The dangers of being involved in Alcoholics Anonymous and other 12 step groups are numerous.  On this site, you’ll find me constantly railing against their self-defeating philosophies and methods, but elsewhere, people are keeping track of the other dangers.  I’ve become a daily reader of a fantastic blog called Stinkin-Thinkin – which is written by former AA members, and has a large following of disenchanted AAs.  Their Keep Coming Back series of posts does a great job of documenting the many problems inherent in a group with an anonymous anarchic structure, and the many shady characters one could get involved with when attending AA – a place where people seemingly open their souls to each other, something which can make them very vulnerable to the wrong type of person.  This brings me to their latest post, about a man who used his influence within AA to scam members out of their life savings – including a 74 yr old AA member.  Check out the post here: Keep Coming Back (Bring Your Checkbook)

Here’s what one Stinkin-Thinkin commenter had to say:

I’m sure that organisations like churches and benevolent societies have their share of exploiters and manipulators in their ranks, but aa is purpose made as a hunting ground for predators by virtue of its culture of anonymity and unaccountability.

My advice, us usual, is to stay away from AA.  Deal with your substance use problem on your own, you’ll be much better off in the long run.  For alternatives to AA and conventional 12-step based treatment programs, check my Find Help Now page.

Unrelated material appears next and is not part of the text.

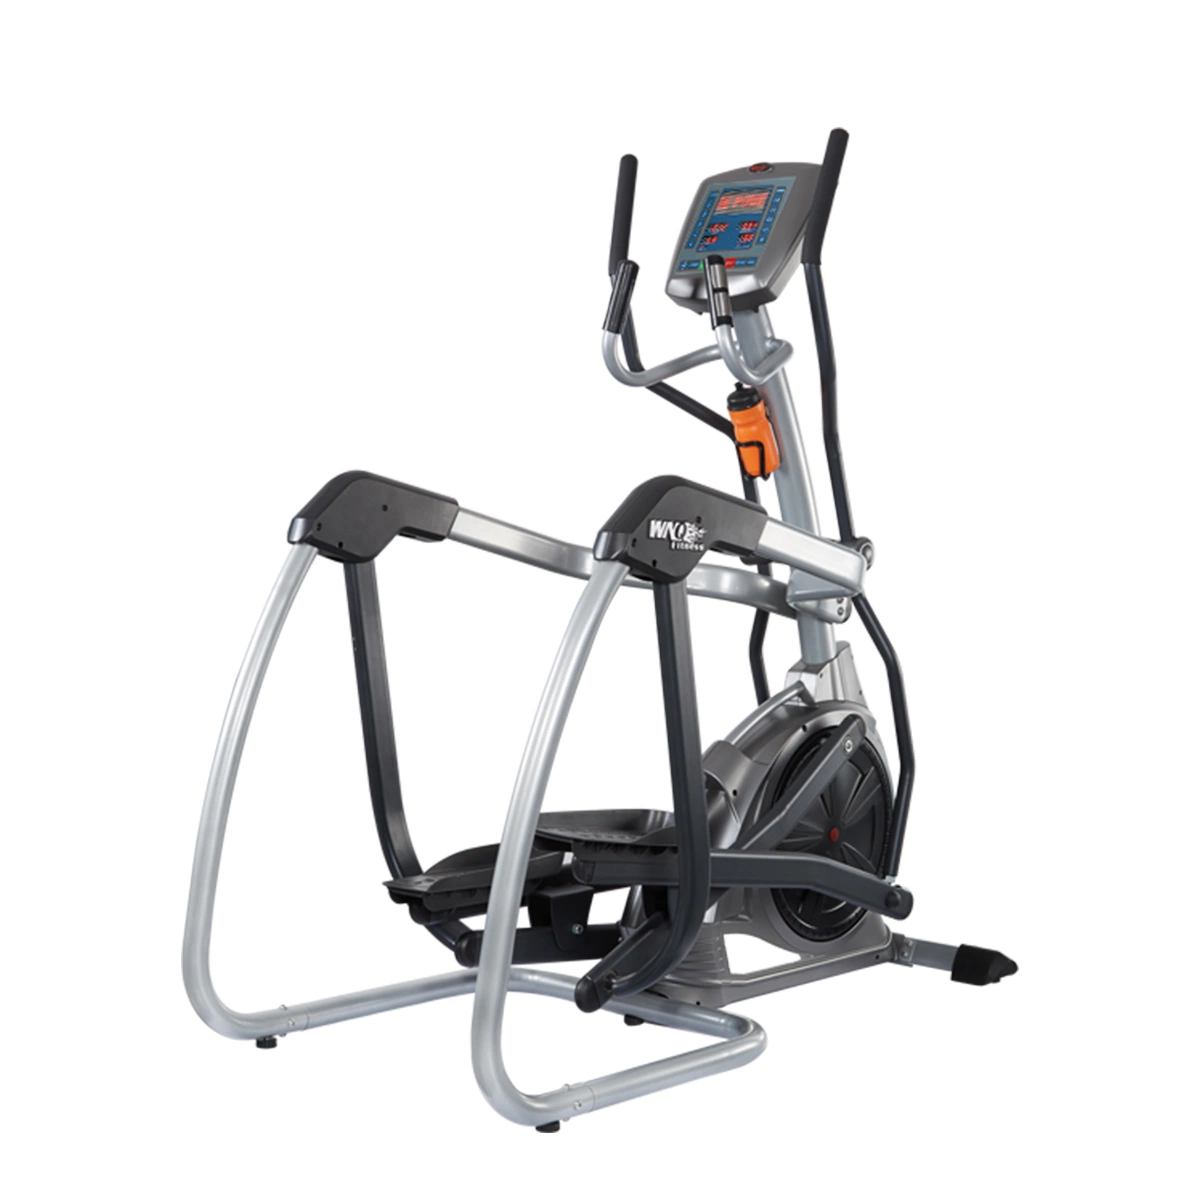 Elliptical /Cross Trainer Gym Machine for Semi-Commercial

Also, please don’t miss the irony that if the 12 Steps are followed correctly, and if they worked, they would be a ponzi scheme in and of themselves.  The ultimate goal is to stay sober by passing along the message to new members, and that these newbies, which the Big Book of AA admits will probably not get well, are supposed to serve as fuel for your own recovery.  That’s the 12th step, and it’s everlasting.  If you didn’t have a constant stream of miserable new recruits who lose in the long run, then you would presumably lose your sobriety.  It’s absurd, I know, but that’s how it’s taught!